# Glue



## rusty baker (Feb 13, 2009)

I have an 89 Buick Riviera. The outside cooling fan bracket is broke. They aren't available new and can't find one in a salvage yard. They are a black plastic, Anyone know a glue that I can fasten it back together with that will hold. Car runs great and gets 33 mpg. Besides it's the wife's car. And you know what they say "if mama ain't happy, nobody's happy"


----------



## ARI001 (Jun 26, 2009)

www.car-stuff.com should have what you need.


----------



## rusty baker (Feb 13, 2009)

Thanks, they don't have that part but I may be able to find some other stuff there.


----------



## Thurman (Feb 9, 2009)

The material you are referring to is actually "fiber filled resin". This only means that the material (plastic/resin) has small bits of fiberglass added to it for strength. The term "Plastic" is often used for a lot of materials, such as "Coke" is used to describe soft drinks. In my experience, you will need to find a good two part epoxy material for this repair. Read the information with the epoxy to find one that is compatible with "plastics". Clean the area to be repaired with something like MEK (Methyl-Ethyl Ketone) which can be found at most big box or paint stores, even laquer thinner will work, but not as good. This material has a strong odor, so use it outdoors or in a well ventilated area, and it dries quick. After it is cleaned good, align the parts as well as possible. Mix up your epoxy on something like a piece of cardboard, mixing well. Place the epoxy on both sides of the break, and at least 3/4" above and below the break. You are actually building a "cast" around the break which will remain there forever. Allow this to dry for at least 24 hours and I'll bet it will last the remaining life of the car. Good Luck, David


----------



## rusty baker (Feb 13, 2009)

Thanks, I'll try that.


----------



## DangerMouse (Jul 17, 2008)

if it were me, i'd cut pieces of sheet metal to cover both sides of the broken areas before gluing. pre-drill holes and then nut and bolt it to the break after applying glue for added strength.

just my 2¢

DM


----------



## rusty baker (Feb 13, 2009)

Thought about that, but the way it's shaped that's pretty much impossible. I may have found one 1000 miles from here in a salvage yard. Trying to get it shipped.


----------



## DangerMouse (Jul 17, 2008)

is that all? 1,000 miles? just hop on yer 10 speed bicycle and go pick it up! lol

DM


----------



## DIYtestdummy (Jan 16, 2008)

Cash 4 Clunkers eating up more of the used and hard-to-find parts market...


----------



## crecore (Nov 2, 2005)

I have drilled holes and used nylon tie wraps as well.
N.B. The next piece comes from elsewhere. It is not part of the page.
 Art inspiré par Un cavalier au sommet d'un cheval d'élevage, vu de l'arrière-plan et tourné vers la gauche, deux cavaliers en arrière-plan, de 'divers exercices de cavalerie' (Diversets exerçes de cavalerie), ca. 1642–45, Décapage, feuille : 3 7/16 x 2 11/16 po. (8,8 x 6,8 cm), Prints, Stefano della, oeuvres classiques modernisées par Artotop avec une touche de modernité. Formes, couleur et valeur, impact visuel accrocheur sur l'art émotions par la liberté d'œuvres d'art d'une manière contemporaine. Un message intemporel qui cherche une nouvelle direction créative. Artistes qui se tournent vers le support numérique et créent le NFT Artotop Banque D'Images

Holds an epoxy in place to cure and adds strength; just leave them there.


----------



## Thurman (Feb 9, 2009)

One local salvage yard here is buying all of the "clunkers" being traded in that he can get from local dealers. From what he has told me, and from what two new car dealers here have told me: as long as the paper work has been done to _indicate _that one cylinder of the engine has been injected with this magical chemical (which by the way is liquid glass, which is derived from egg whites, and has been used for years to stop radiator leaks) then the vehicle may be sold at salvage. The local salvage dealer states that he has gotten some nice late model vehicles which will contain many really good spare parts once they are removed, cataloged, and stored. Thanks, David


----------



## rusty baker (Feb 13, 2009)

Finally found the parts and fixed it. But it wasn't cheap.


----------



## VickMachine (Aug 27, 2009)

You were smart to spend the money anyway?! :thumbsup:
Any Glue or Quick fix would most likely have had a bad effect on the blade balance (If it even held!?) Also would have caused vibration

:thumbup:


----------



## rusty baker (Feb 13, 2009)

Go to http://car-part.com/ to find parts in salvage yards. Great site.


----------